One of the blind spots I have had in my business is how much value I bring to my customers.
I’ve been instrumental in helping a number of my clients build multi-million dollar a year businesses.
However, many times, I have discounted the role I’ve played in their successes.
Part of the reason why I’ve struggled with the value of my services is based on the historical manner that professional services bill for their work.
I believe law firms were the first businesses to implement time plus cost method of pricing their services.
Under this method of pricing, a firm assigns a billable hourly rate to their time.
Then when someone from the firm does work for the person, they bill the customer for the hours that were spent on the work.
For example, if I had a hourly billable rate of $300/hour and I spend 10 hours doing work, I would bill my client $3,000.
The biggest problem with this method of pricing is the amount of time I spend on a project has no relation to the value of the work that I perform for the client.
Many years ago, I was working for a company that was doing very well. When I started working for them, they had annual revenues of around $5 million.

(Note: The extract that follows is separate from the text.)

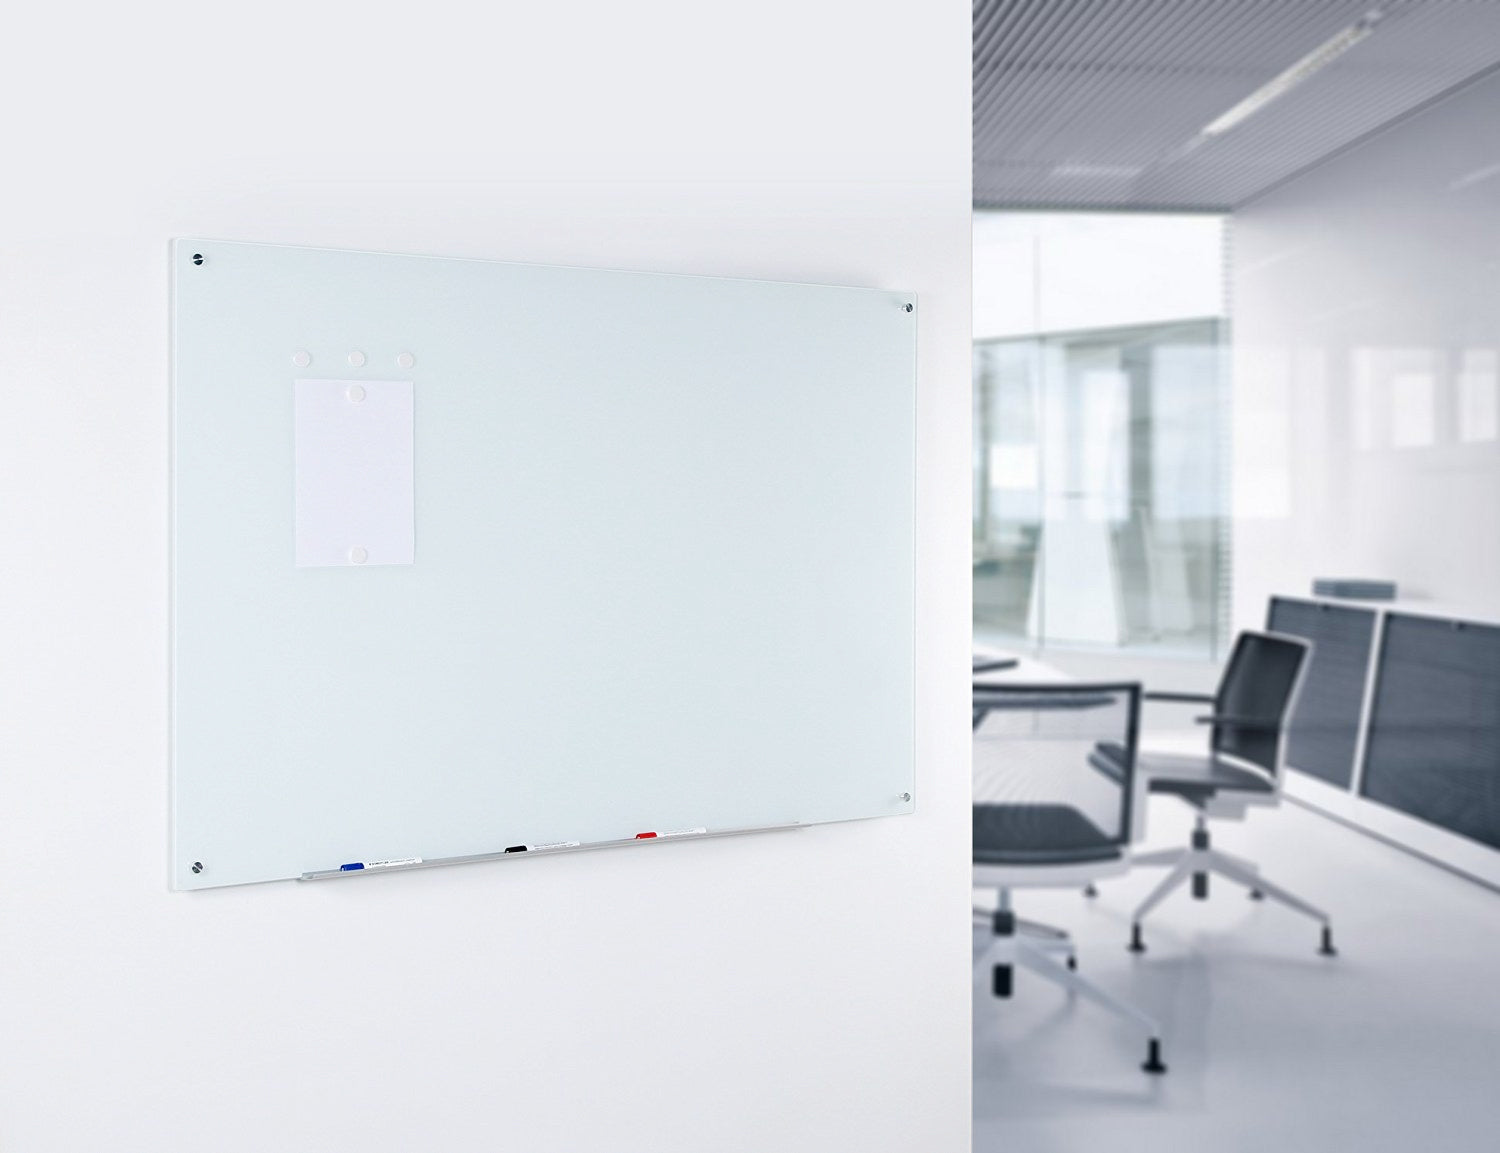 Magnetic Ultra White Glass Dry-Erase Board Set - Includes Board,  Neodymium Magnets, and Marker Tray. Shown holding documents with neodymium magnets in an office setting.

A few months into working with the company, I was able to discover some areas where I could help improve their business.
I met with the business owner to share my insights with him.
One of the things that I had learned was that it had been several years since the company had raised its prices.
Over those years, the company had doubled its revenue.
The larger a company becomes, the more expensive it is to operate the company.
Most times, when a company starts it is one person, the business owner, that does all the work.
In the beginning, the business owner has all the time in the world and can do all the work associated with the business.
The business owner wears many hats in the early days.
In the early days, the business owner is a janitor, secretary, bookkeeper, salesperson, web designer, receptionist, marketer, and technician.
In the early days, before the company makes a lot of money, the business owner must be careful with spending money because it is a scares resource.
As the company grows, money becomes more abundant, and time becomes scarce.
At a certain point, the business owner begins to run out of time.
If the business owner wants to grow, he/she must start to trade his money for time.
The business owner does this by hiring employees and vendors to remove from his plate to the employee’s or vendors’ plate.
By paying someone else to do the work, the business owner frees up his time to focus on the more critical tasks in the business.
Even if the work is easy to do, the business owner must free up his time, or the business owner will burn out and become overwhelmed.
As the business owner transitions work from his/her plate to other people’s plates, the business incurs more expenses.
When a business incurs more expenses, it becomes less profitable.
In the beginning stages of business, the business owner could be taking 80-95% of the income earned by the business.
This makes sense as the business owner is doing 80-95% of the work related to the money earned by the business.
However, as the business grows, more people are responsible for the income earned by the business.
Everyone that helps the business earn money must be paid fairly for the contribution they make to the income earned by the company.
There have been a few times in my business career where I’ve lost sight of the fact that I wasn’t the only person doing work in the business.
One of the largest expenses I incur every month is the money I spend on the software I use to do my work.
The software I use was built by computer programmers.
The software I use helps me deliver the services to my customers.
If I didn’t use the software, it would probably take me ten times longer to do the work.
As I’ve grown my business, I’ve invested in many things to make my job easier and buy back my time.
Each of those solutions I invested in enabled me to provide better solutions to my clients.
At this point in my business, my operating expenses are around 30% of revenues.
My percentage of operating expenses is a lot higher than it was when I started my business eleven years ago.
However, overall, I make more money because the volume and value of work I do is greater than it was in the early years.